> **Your objective**: The reply must consist of the complete listing, reproduced exactly, with no images included.

*** Opening of Supplied material ***

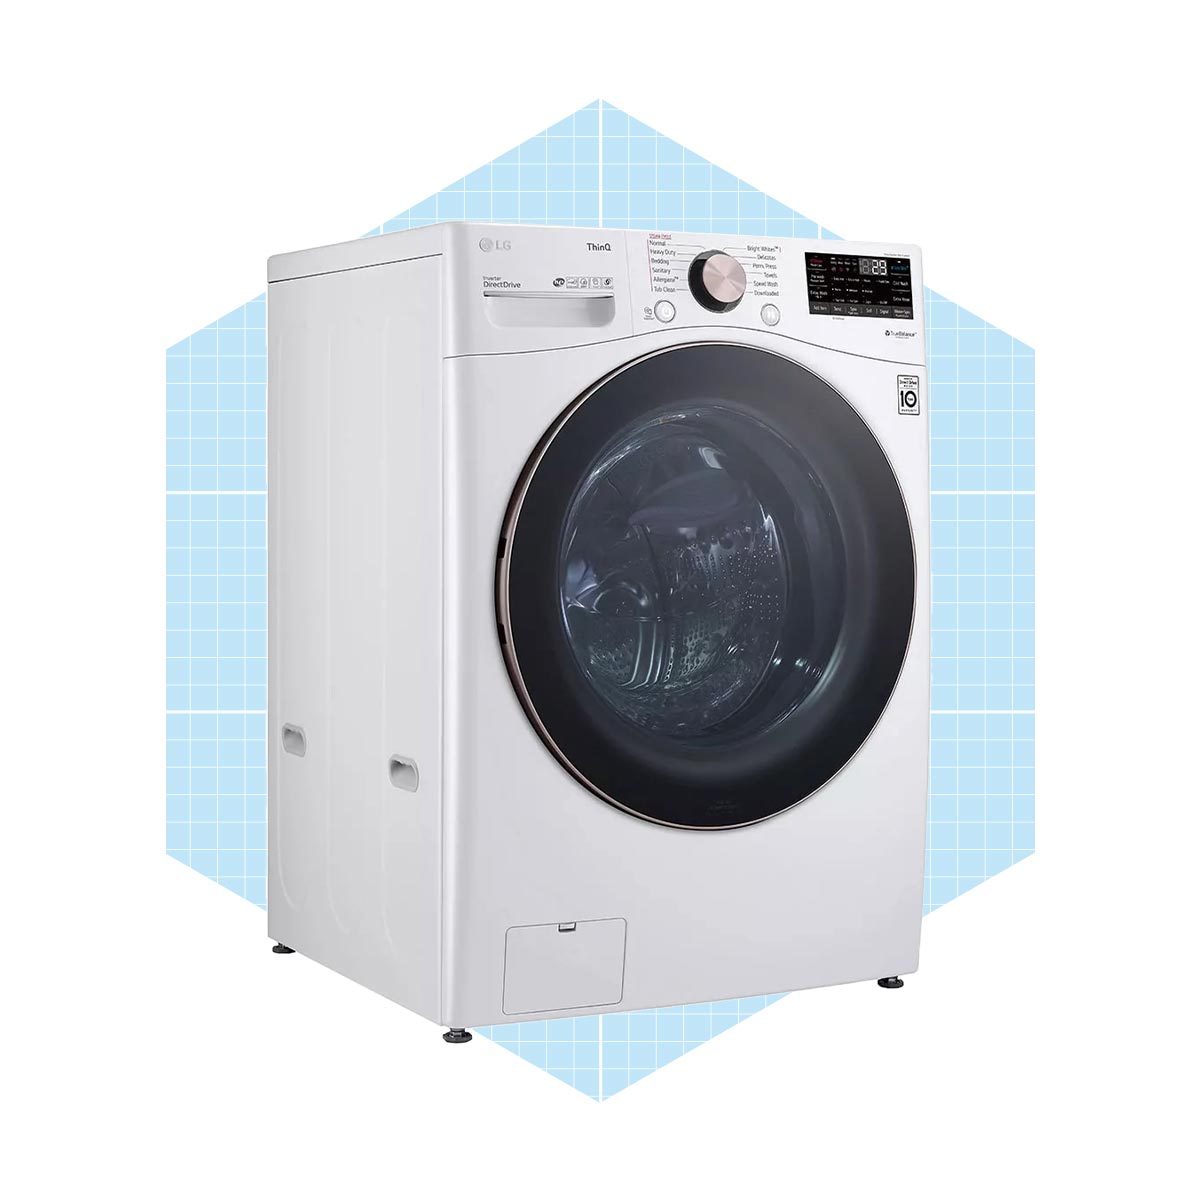 A White LG Washer
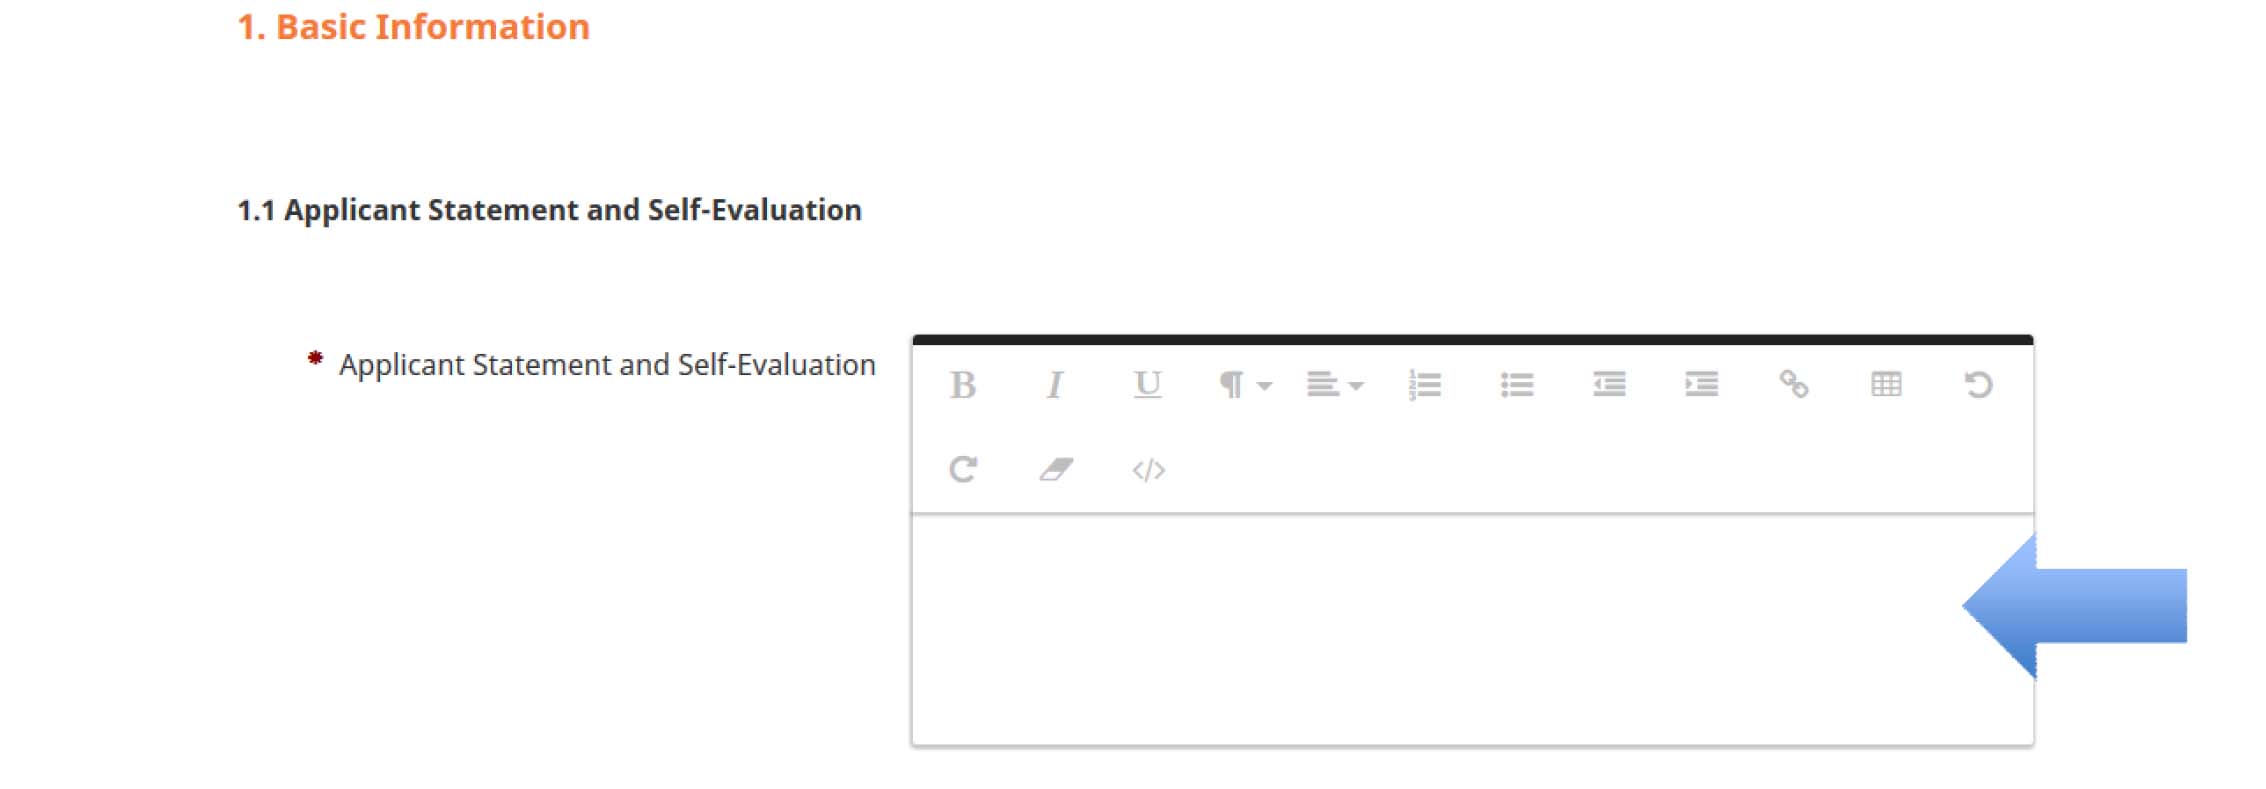 Type and proofread your Applicant Statement and Self-Evaluation in a word processing document. When it is formatted and proofread, copy and paste the contents into the text box.
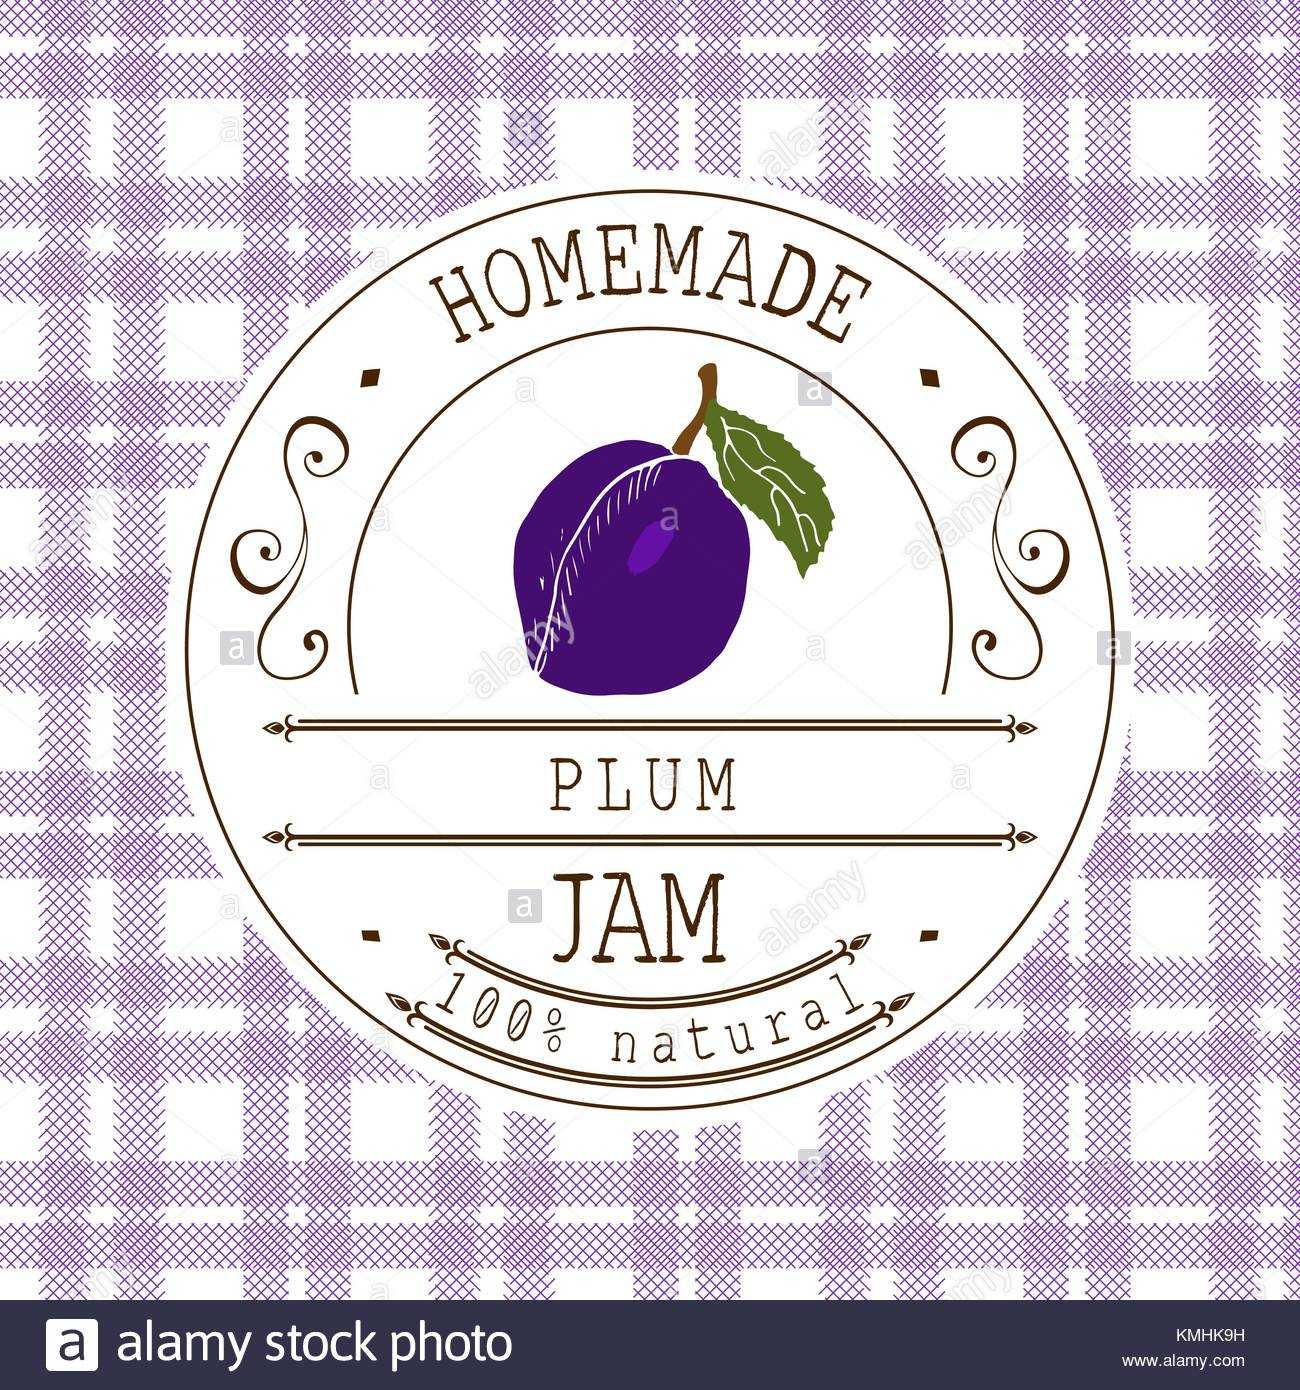 Jam Label Design Template. For Plum Dessert Product With Pertaining To Dessert Labels Template

*** Close of Supplied material ***

> **Task solution**:
 A White LG Washer
 Type and proofread your Applicant Statement and Self-Evaluation in a word processing document. When it is formatted and proofread, copy and paste the contents into the text box.
 Jam Label Design Template. For Plum Dessert Product With Pertaining To Dessert Labels Template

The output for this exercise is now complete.